I was surprised to see this retweeted uncritically by Nicholas Christakis, who's been a victim of real threats to free speech at Yale.
The most serious threat to free expression in our society today is coming from the right, because we have a president who labels journalists 'the enemy of the people,' betraying one of the most profound traditions of our free and open society. https://t.co/i7B8YUDsol @nytimes
— Nicholas A. Christakis (@NAChristakis) July 29, 2018
It turns out that the Sulzberger whining about the President employing free speech against him is not Pinch Sulzberger, who retired as NYT Publisher last year, but A. G. Sulzberger, a 37 year old vegetarian.
Here's some of what Mini-Sulzberger is complaining about.
Statement of A.G. Sulzberger, Publisher, The New York Times:
My main purpose for accepting the meeting was to raise concerns about the president’s deeply troubling anti-press rhetoric.
I told the president directly that I thought that his language was not just divisive but increasingly dangerous.
I told him that although the phrase “fake news” is untrue and harmful, I am far more concerned about his labeling journalists “the enemy of the people.” I warned that this inflammatory language is contributing to a rise in threats against journalists and will lead to violence.[More]
Ore, as whatshisname said, "Womp Womp"..
Seriously, the New York Times has been fighting against the United States of America all my life. In Treason: Liberal Treachery from the Cold War to the War on Terrorism, Ann Coulter wrote:
“Liberals could never figure out who the enemy was - other than an enemy called the United States of America. In the early 1970s, the current publisher of the New York Times, Arthur ‘Pinch’ Sulzberger, a college student and anti-war activist at the time, was asked by his father, the then-publisher of the Times, whom he would want to see shot if an American soldier came face-to-face with a North Vietnamese soldier. “
Spoiler alert--it was the American.
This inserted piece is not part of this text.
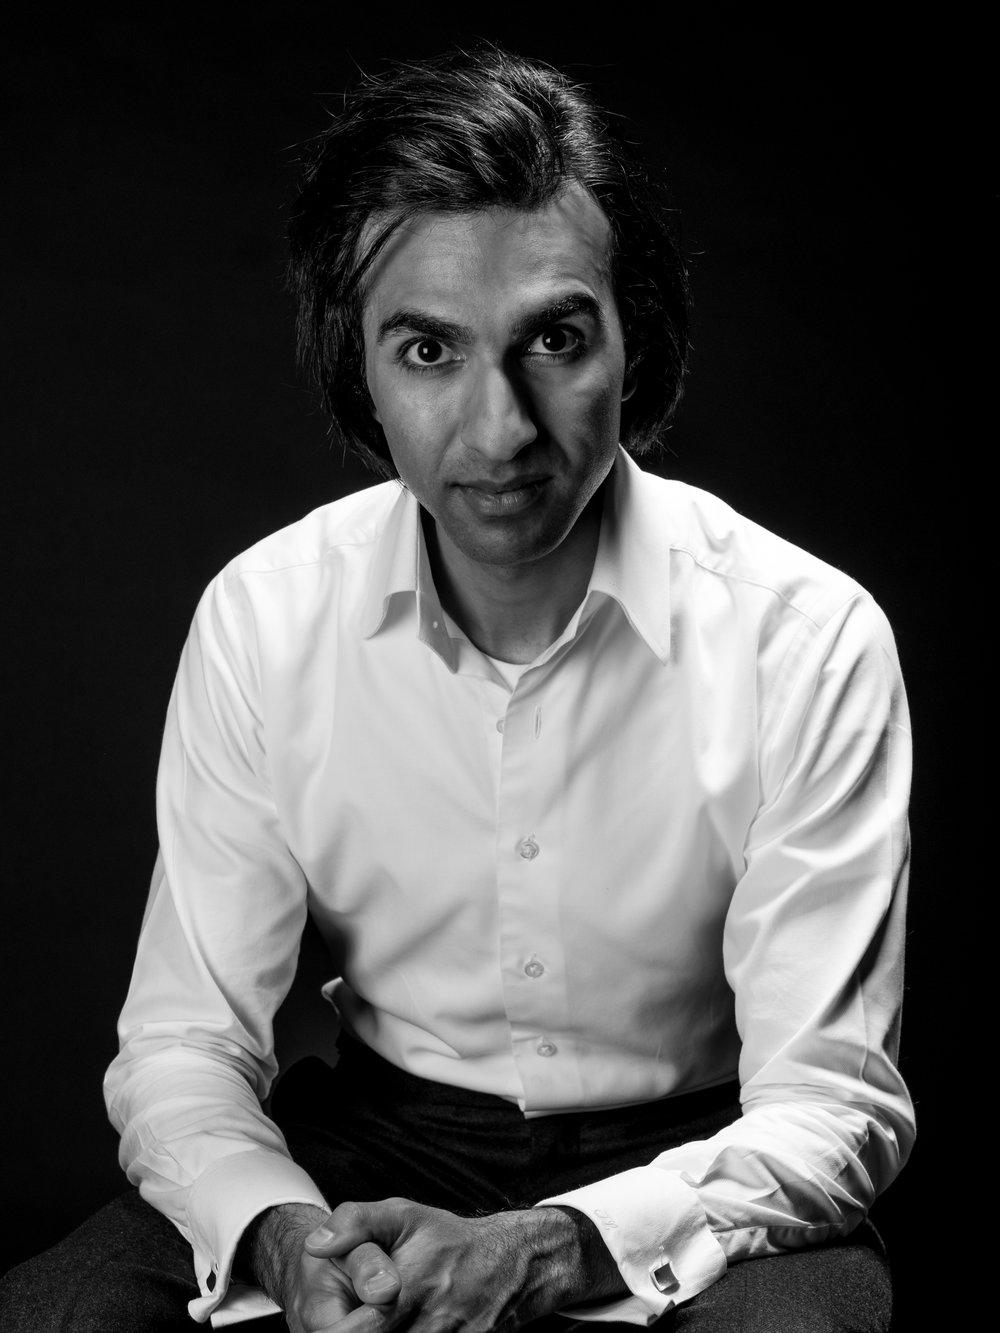 JAMEEL LALANI - ENTREPENEUR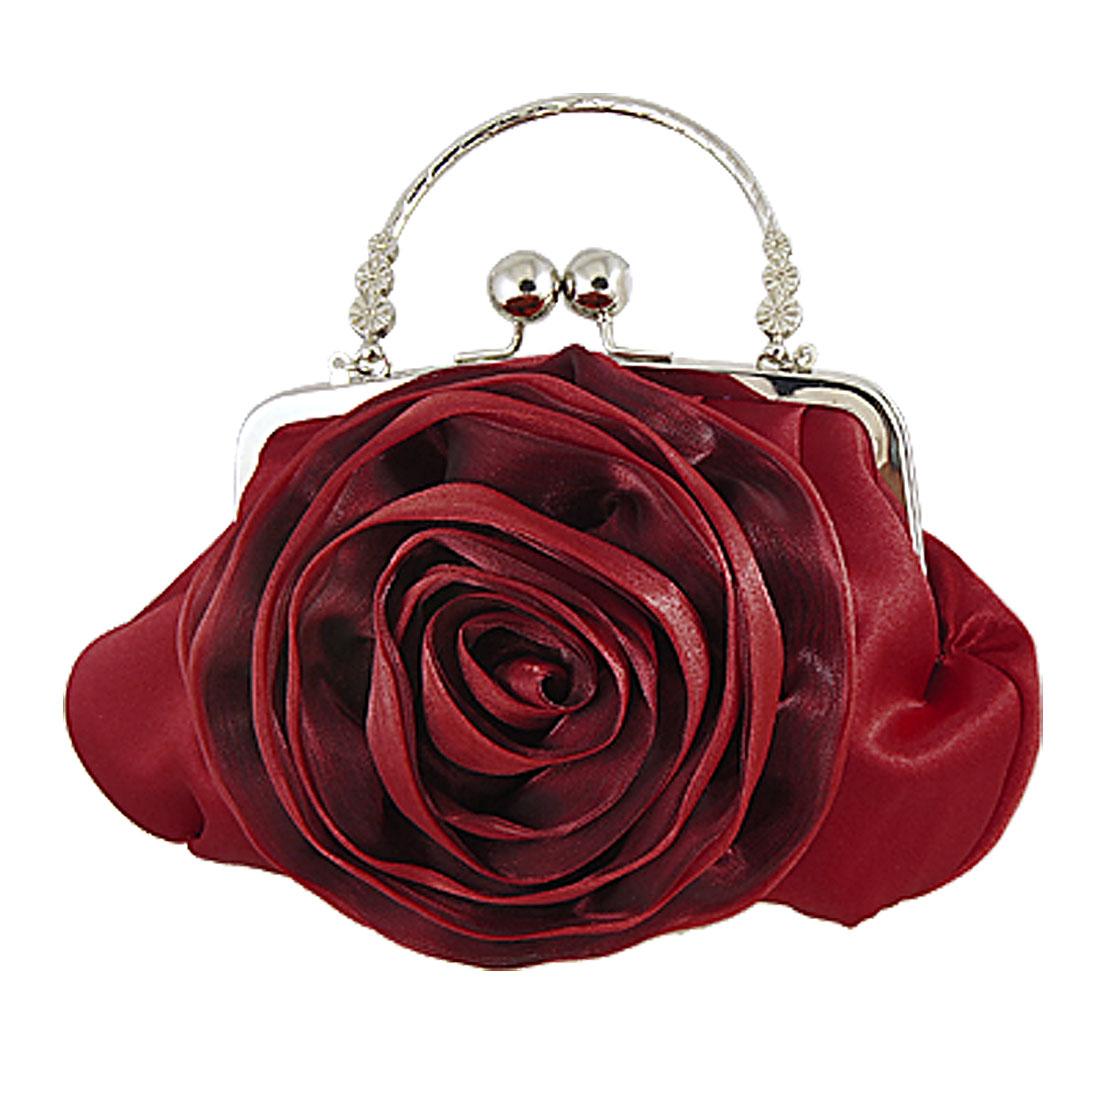 Women Kiss Lock Closure Flower Accent Bridal Handbag Red

I went to the 1999 book that was original source of Ann's book, and found this:
Arthur Jr.'s first arrest for civil disobedience took place outside Raytheon Company, a defense and space contractor. Wearing Punch's old marine jacket, [Punch was Arthur Sr, who served in the Marines in World War II] he joined other demonstrators blocking the entrance to the company's gates. "That was an easy one," he said. "The cops couldn't have been nicer." The second arrest came after a much less peaceful sit-in at the Federal Building in downtown Boston. His hands bound behind him, Arthur Jr. watched as the police slammed a handcuffed woman up against the wall of an elevator because she had made a taunting remark.
Punch held his tongue following Arthur Jr.'s first arrest, but when he got word of the second, he flew to Boston. Over dinner at Locke-Ober, a clubby bastion of Boston Brahminism, he asked his son why he was involved in the antiwar movement and what could be expected from him in the fixture. Arthur Jr. assured his father that his recent familiarity with the interior of Boston police vans was not the beginning of a trend.
Afterward, as the two men strolled around Boston Common, slightly tipsy. Punch posed what Arthur Jr. would later characterize as "the dumbest question I've ever heard in my life," and got "the dumbest answer."
"If a young American soldier comes upon a North Vietnamese soldier," Punch said, "which do you want to see get shot?" Arthur Jr.'s answer was calculatedly provocative. "I would want to see the American get shot," he replied defiantly. "It's the other guy's country; we shouldn't be there." To Punch, such sentiments bordered on treason, and he exploded in anger. "How can you say that?" he yelled as Arthur Jr. tried to defend his position. Years later Arthur Jr. remembered those tense moments on the Common as the worst fight he and his father ever had. "It's the closest he's ever come to hitting me," he said.[The Trust: The Private and Powerful Family Behind the New York Times, by Susan E. Tifft and Alex S. Jones, 1999, p. 499.]
So since the 1980s until recently, the New York Times was controlled by one of the victors in the Vietnam War. But long before then, the NYT helped win the Vietnam War for the North Vietnamese (Pentagon Papers, anti-American propaganda) supported the Communists in America against not only Joseph McCarthy but against anyone who might investigate them, and more recently, as Ann Coulter pointed out, supported the enemy in the War On Terror. (In 2006, Michelle Malkin wrote a column called The Terrorist-Tipping Times about, among other things, a reporter who literally tipped off the Muslim targets of a Homeland Security investigation.)
So the New York Times has always been an enemy of the people. The difference is that we now have a President who will say that.